Akhirnya dapat dipahami bahwa yang menjadi obyek dalam proses impeachment di MK itu bukanlah fokus ke mengadili Presiden, akan tetapi obyeknya ialah pendapat DPR dan/atau memutus benar atau tidaknya dugaan pelanggaran hukum terhadap Presiden dan/atau Wakil Presiden yang diajukan oleh DPR ke MK.
Itulah mengenai peran Mahkamah Konstitusi dalam memeriksa dan mengadili dugaan pelanggaran hukum yang dilakukan oleh Presiden dan/atau Wakil Presiden (Impeachment).
Terakhir, terdapat kutipan dalam pengantar Buku Laporan Penelitian “Mekanisme Impeachment dan Hukum Acara Mahkamah Konstitusi” Tahun 2005 yang ditulis oleh Prof. Dr.
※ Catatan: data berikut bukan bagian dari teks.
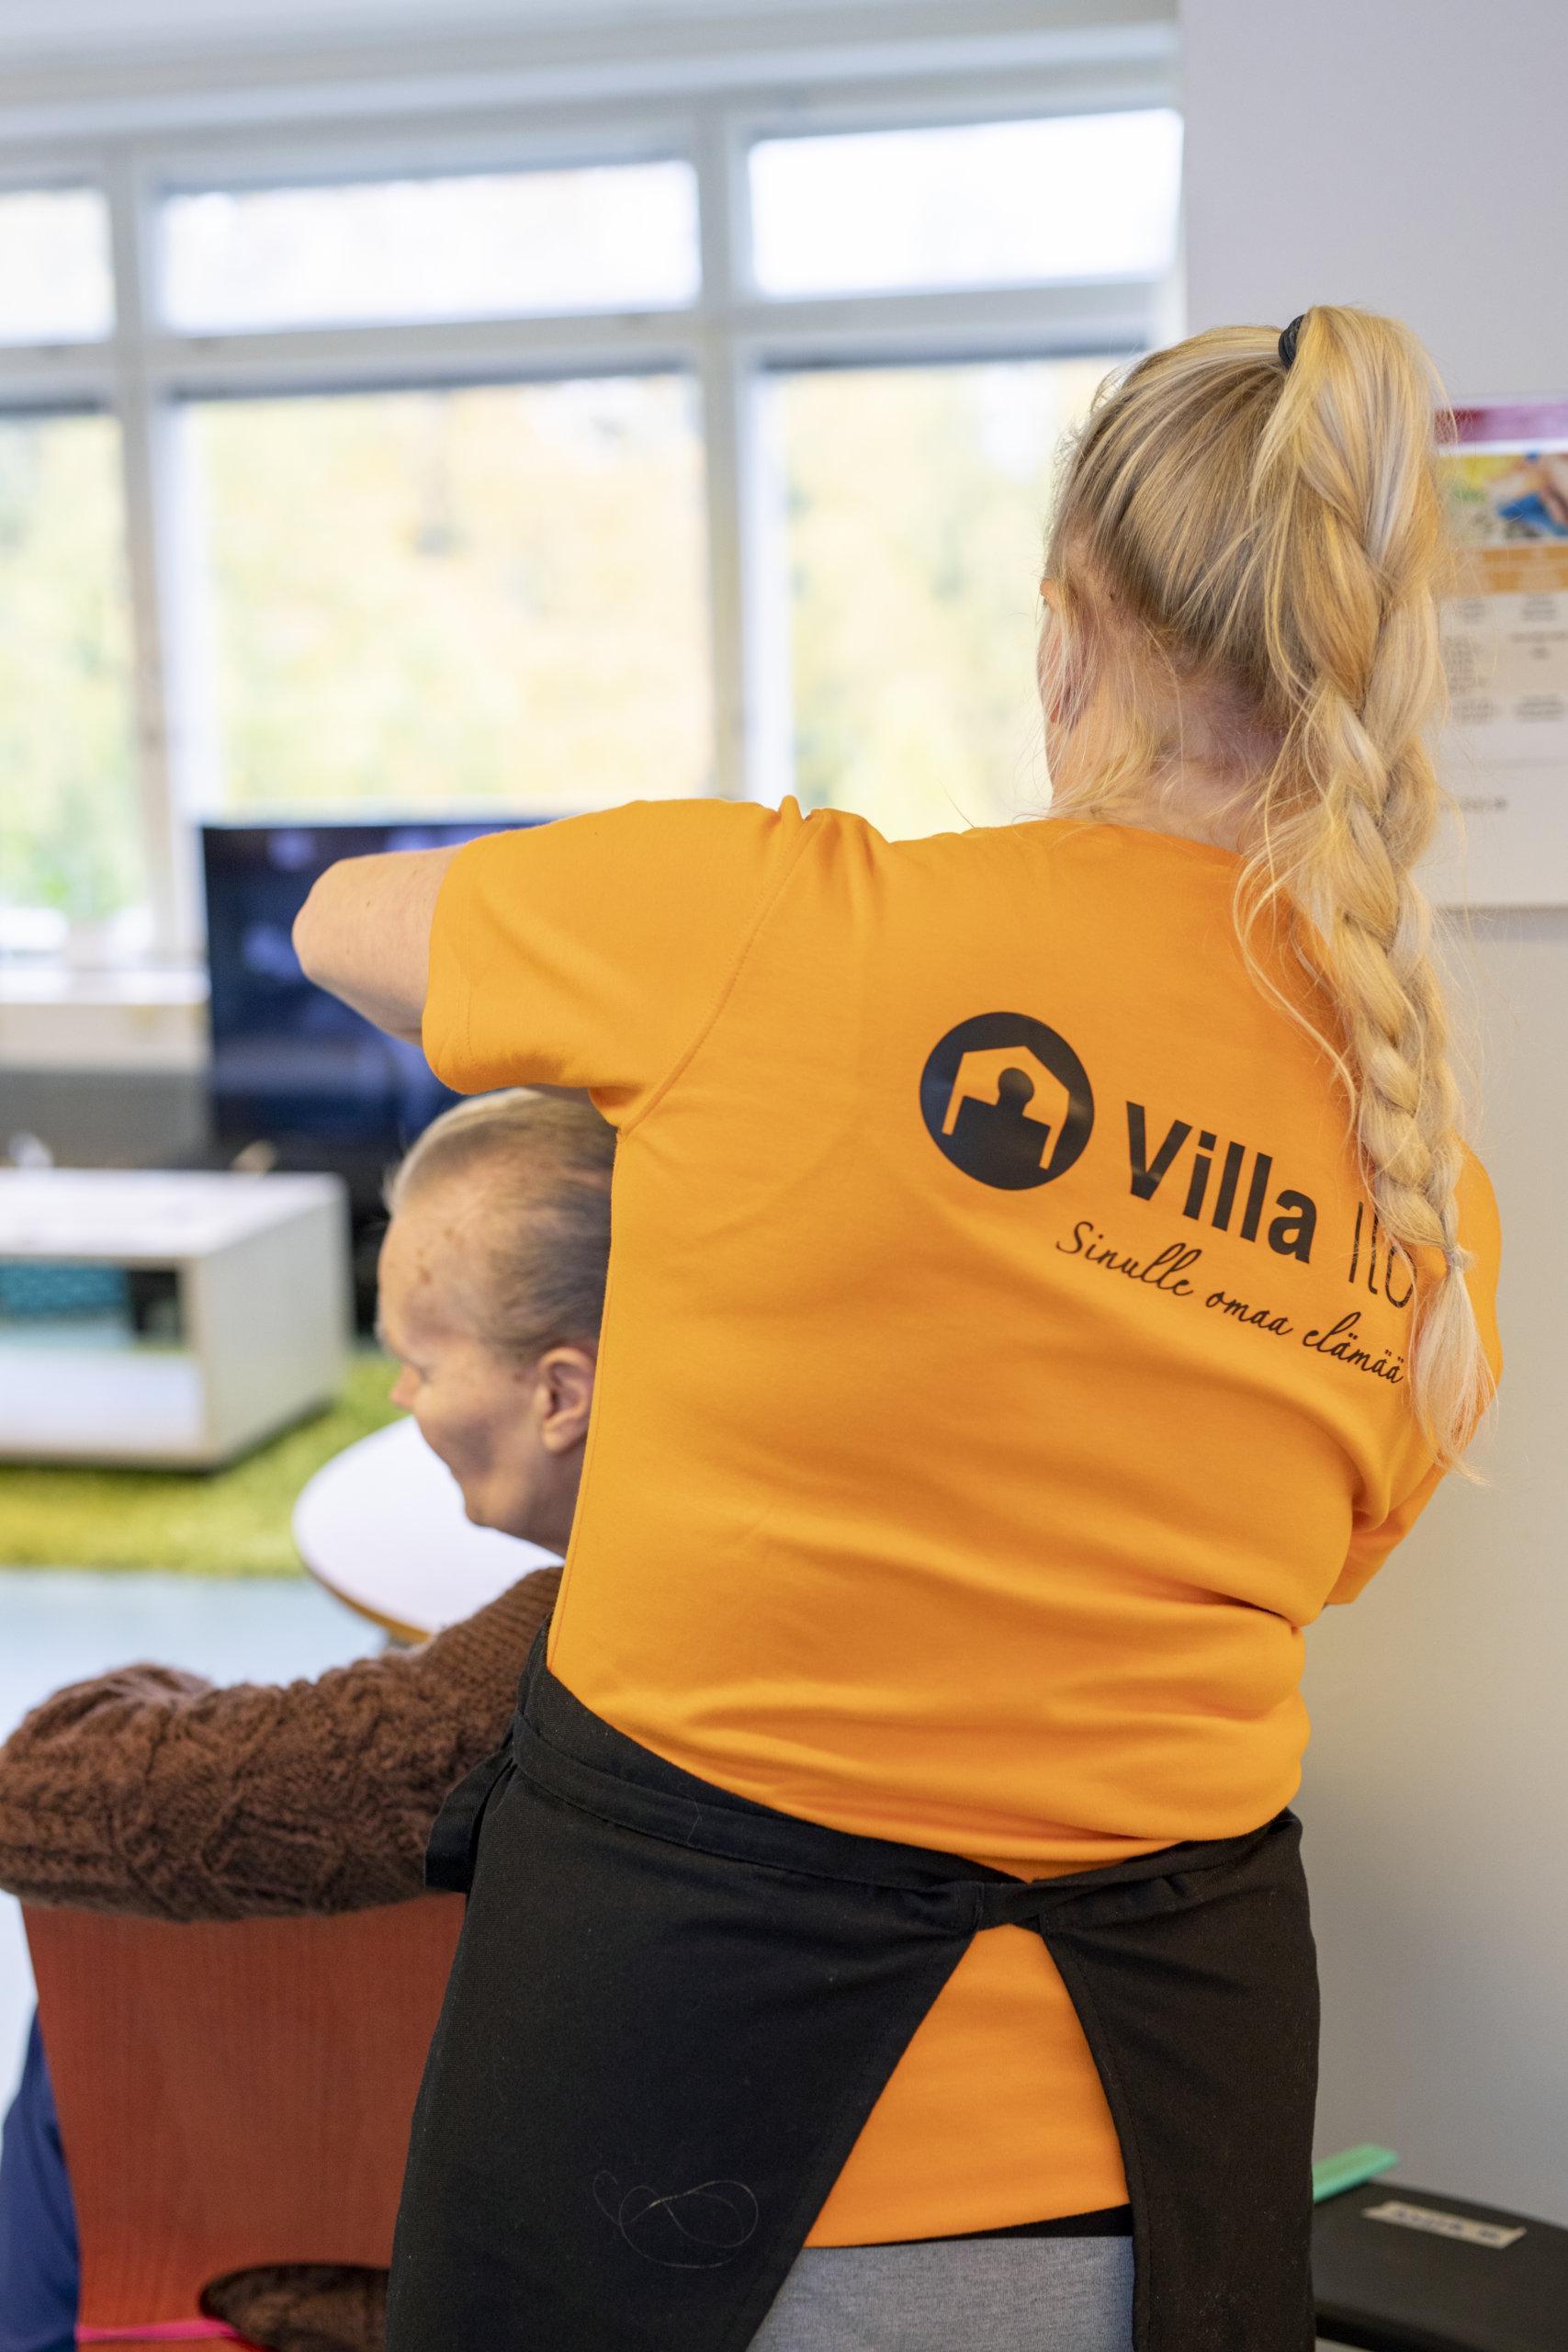 Villa ilo arvona on jatkuva kehitys
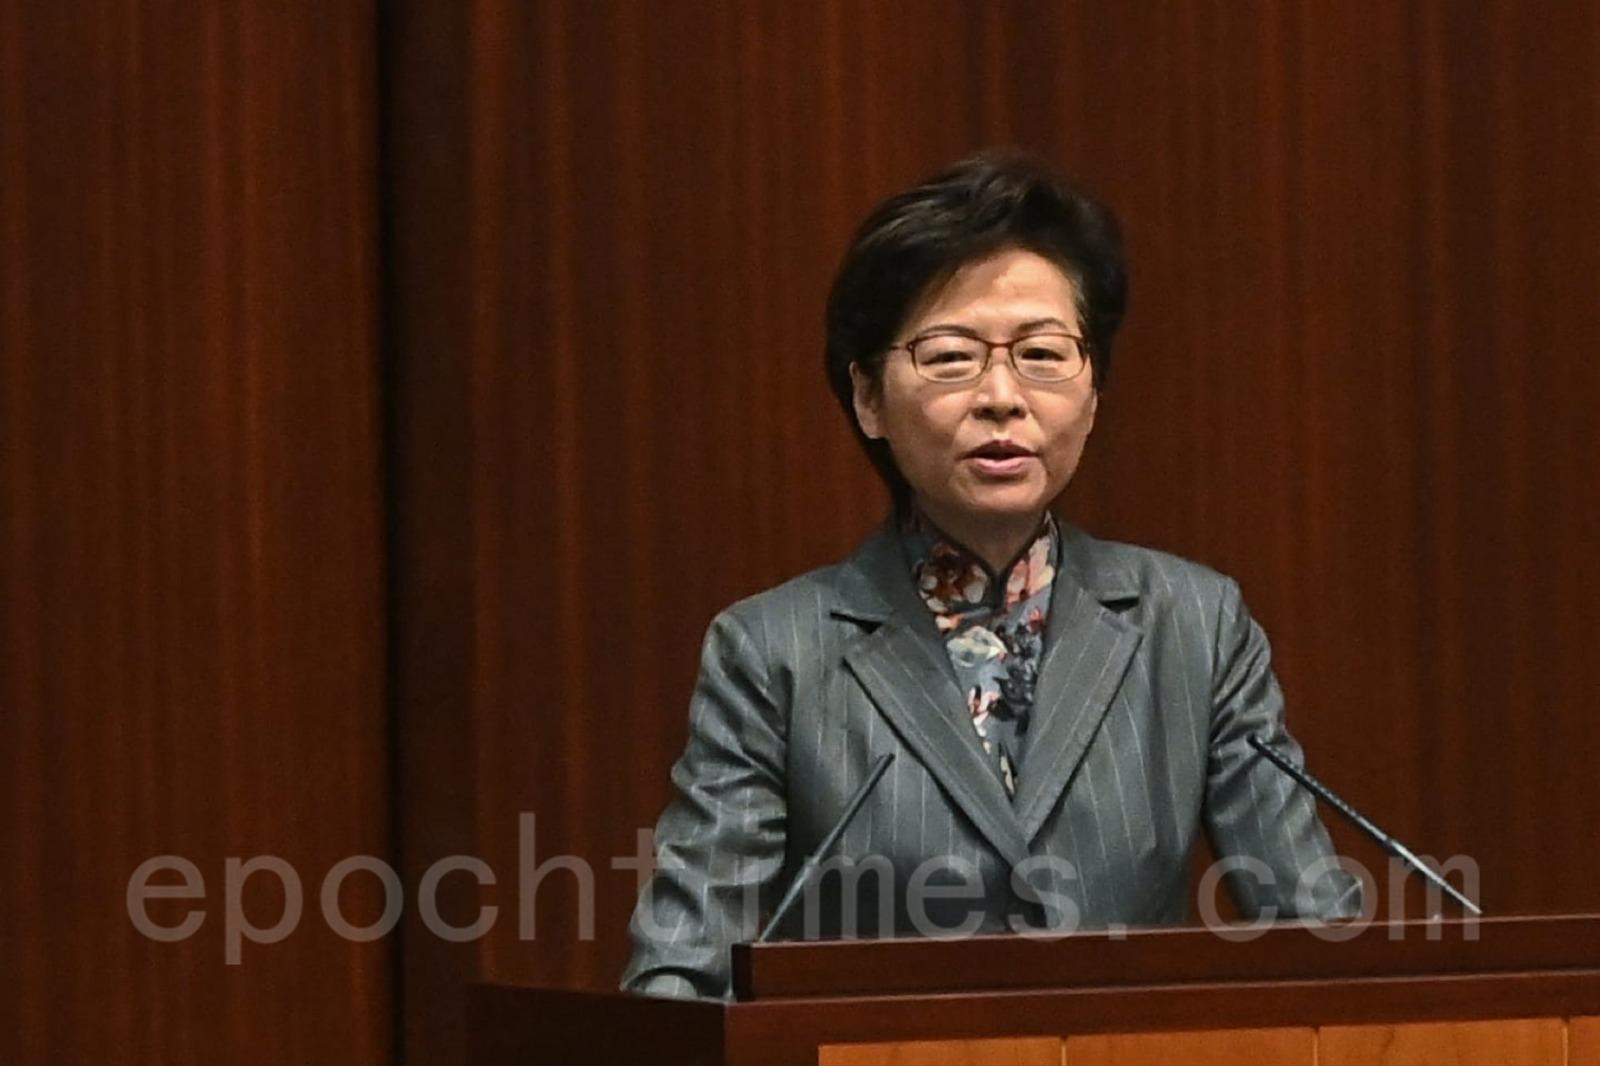 香港特首林鄭月娥在《施政報告》中聲稱通識科「被異化」須改革。(大紀元資料圖片)

Jimly Asshiddiqie, mengenai kewenangan Mahkamah Konstitusi ialah sebagai berikut:
“Dalam ayat yang berbeda dari 4 kewenangan Mahkamah Konstitusi lainnya yang disebutkan dalam pasal 24C ayat (1), pada ayat (2) pasal tersebut menyatakan bahwa Mahkamah Konstitusi wajib memberikan putusan atas pendapat Dewan Perwakilan Rakyat mengenai dugaan pelanggaran oleh Presiden dan/atau Wakil Presiden menurut Undang-Undang Dasar.
Adanya ketentuan ini tentu memancing perdebatan dan perbedaan penafsiran atas setidaknya 2 (dua) masalah yaitu pertama mengapa penyusun Perubahan UUD 1945 memisahkan kewenangan MK dalam memeriksa perkara ini? Dan kedua mengenai objek dari perkara ini, apakah MK memeriksa pendapat DPR ataukah MK juga berwenang untuk “mengadili” Presiden dan/atau Wakil Presiden? Permasalahan ini memancing perdebatan dan perbedaan penafsiran secara akademis. Oleh sebab itu, banyak yang bisa digali dan diteliti mengenai penafsiran ketentuan hingga proses teknis dari mekanisme impeachment ini”.
Maka dari itu, dalam rangka memperingati 20 Tahun MK, hal ini menjadi salah satu harapan publik yang tak kalah pentingnya dari berbagai permasalahan yang timbul dan menumbuhkan banyak harapan pula untuk mendapatkan penyelesaiannya, semoga peran MK dalam memeriksa dan mengadili dugaan pelanggaran hukum yang dilakukan oleh Presiden dan/atau Wakil Presiden dapat semakin mendapatkan kepastian atau ketetapan yang tidak lagi diperdebatkan.